THE WITCH AND THE TEA PARTY (A Rachael Penzra Mystery) (32 page)

He thought it over. “So the chances are that my wife isn’t in any danger,” he sighed with relief—a little prematurely in my opinion. “That makes me feel better. We can still keep up our vigilance, and I’ll be back to bring her home when the shop closes, but I won’t be quite so worried. Thank you, Rachael.”

“Well, ah, sure,” I muttered. I wished I could be as much comfort to myself as I seemed to be to him. He left and I returned to work. Right on schedule he returned to pick up Moondance. I wondered how long that would last. The three ladies liked to spend all their spare time together and they’d been somewhat deprived for quite a stretch.

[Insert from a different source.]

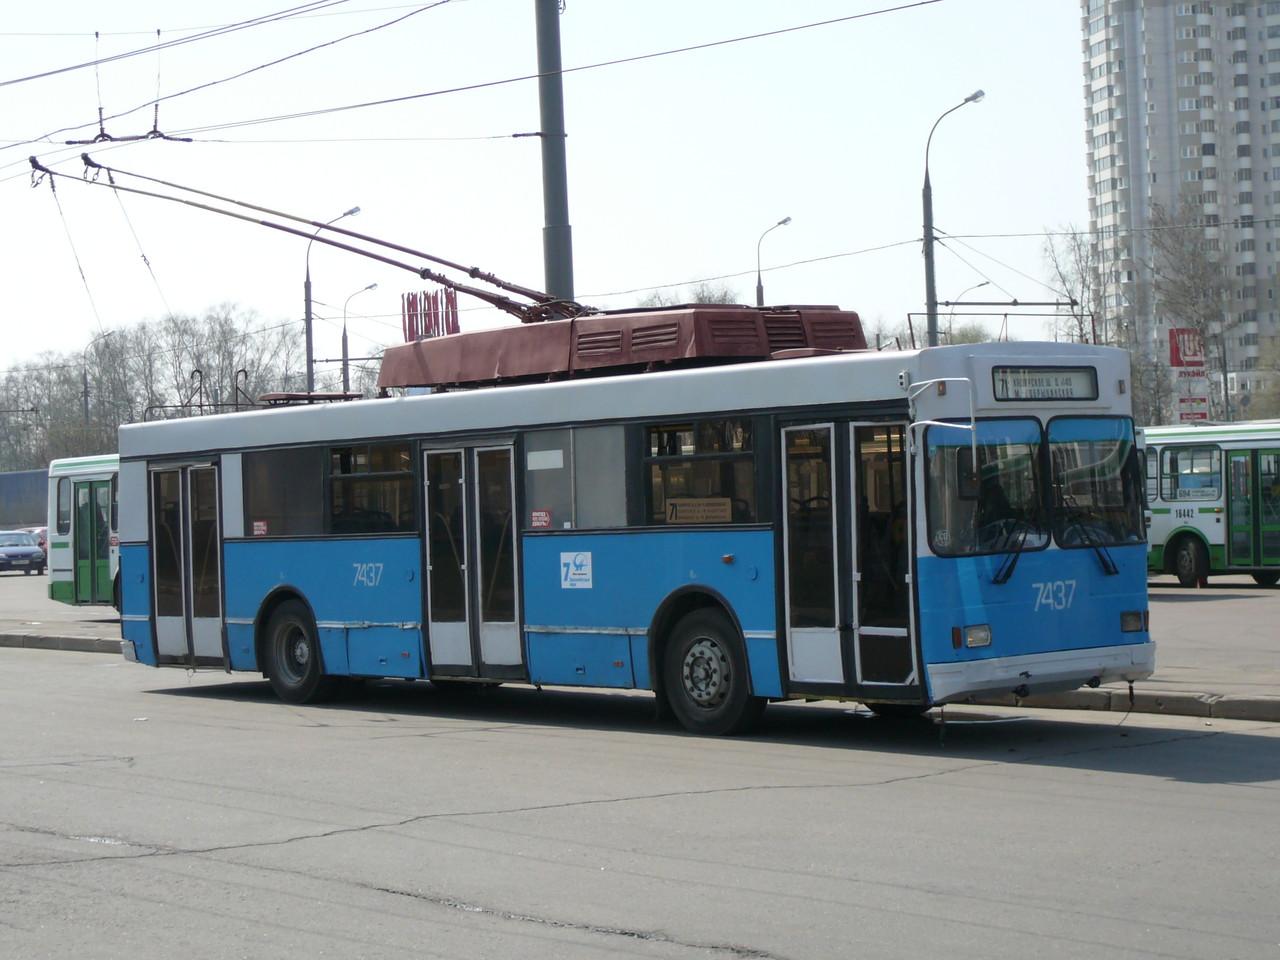 Тролза 5257.00 отличалась низким уровнем пола по всей длине, ради чего контакторную панель спрятали под пол. Москва. 29.04.2009
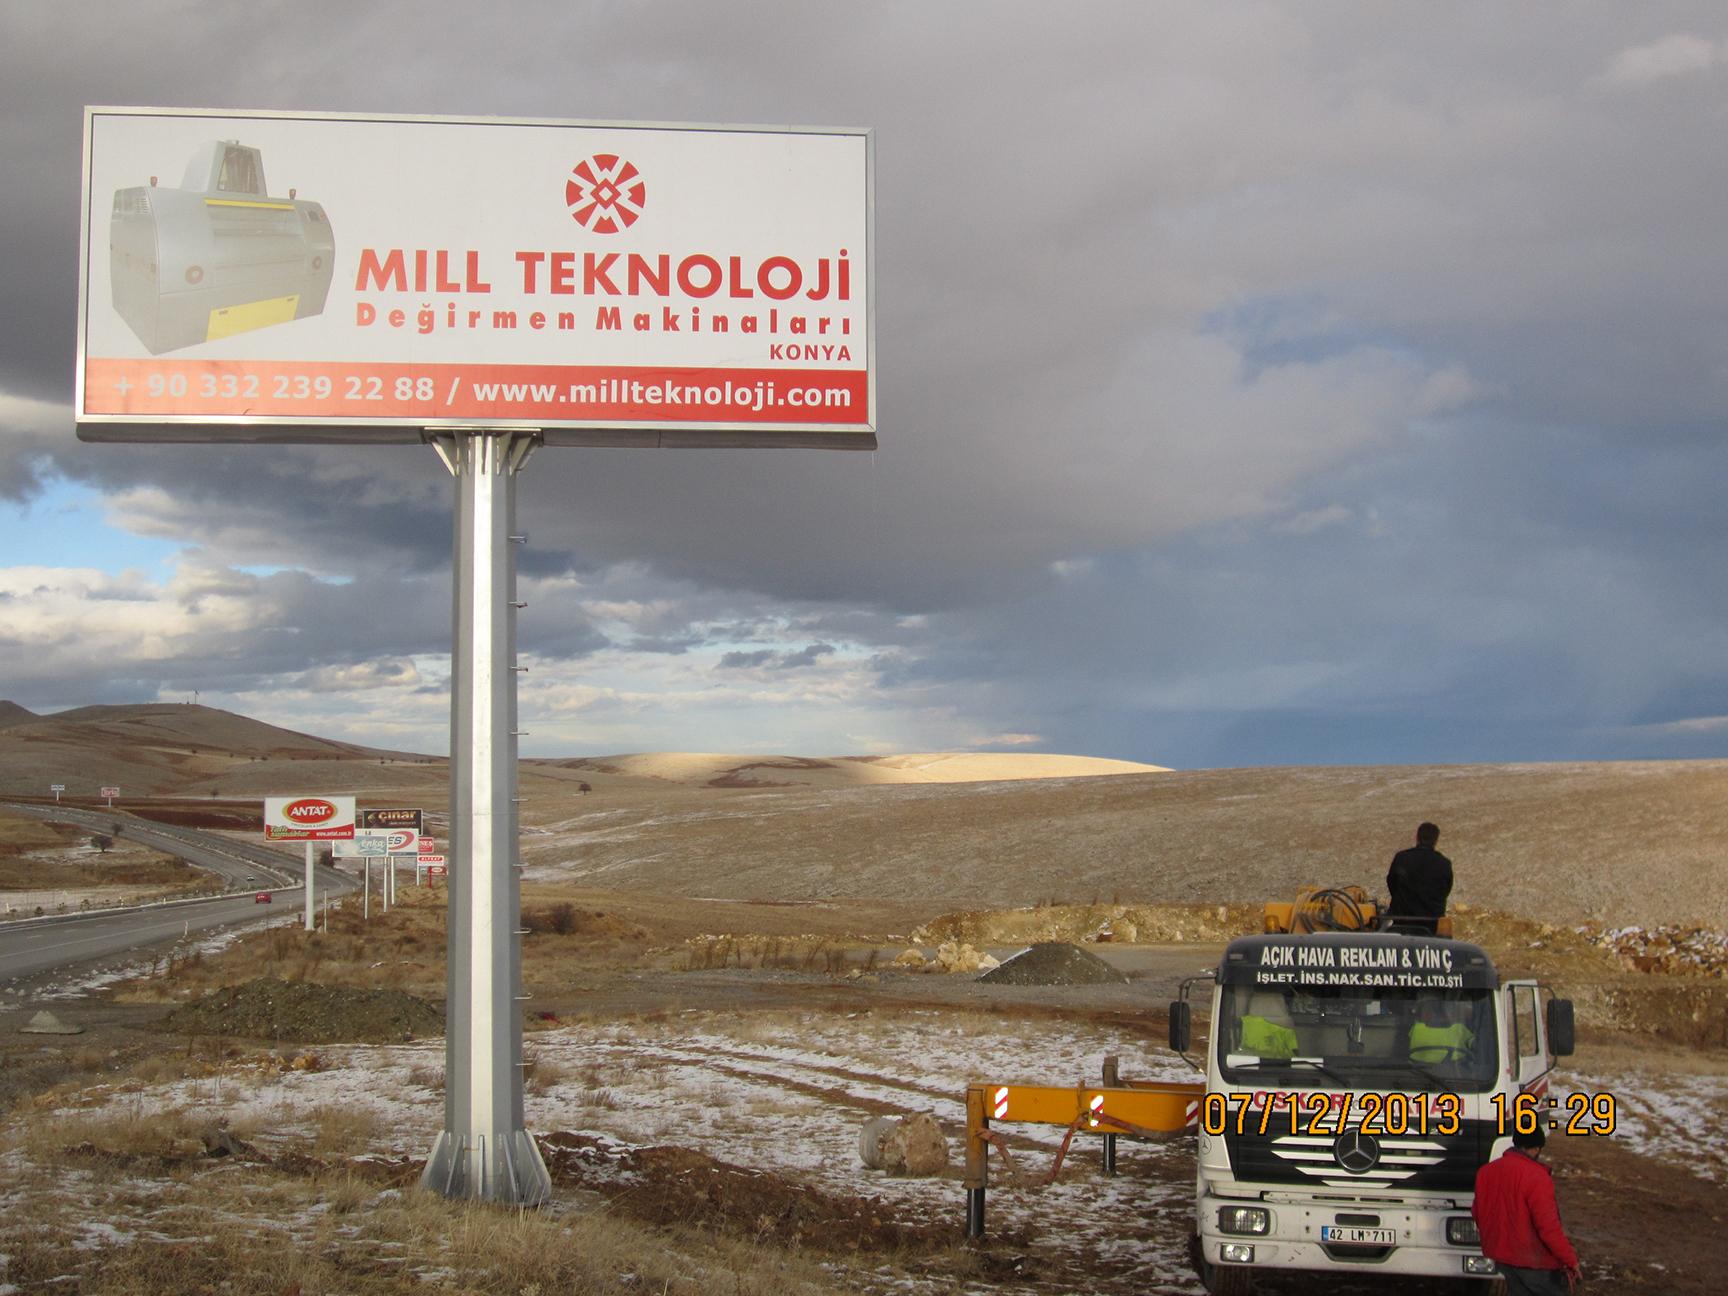 MILL TEKNOLOJİ_1

Aunt Myrtle hurried home, too, but she had an ulterior motive. “I thought I’d bake a pie for poor Mac,” she explained. “And invite him to eat here, too. He shouldn’t have to hurry home and cook.”

I doubted that Mac’s cooking amounted to slaving over a hot stove. Opening cans and using the microwave sounded more like his style, but who was I to cramp my aunt’s? I told her I’d go over and stay with Dora if she didn’t want to come over and eat with them. Patsy, I knew, had plans of her own. I figured David and I would have to wait another night. I was getting almost numb about it. We did have that one night, but I had thought it was merely the prelude to many more following.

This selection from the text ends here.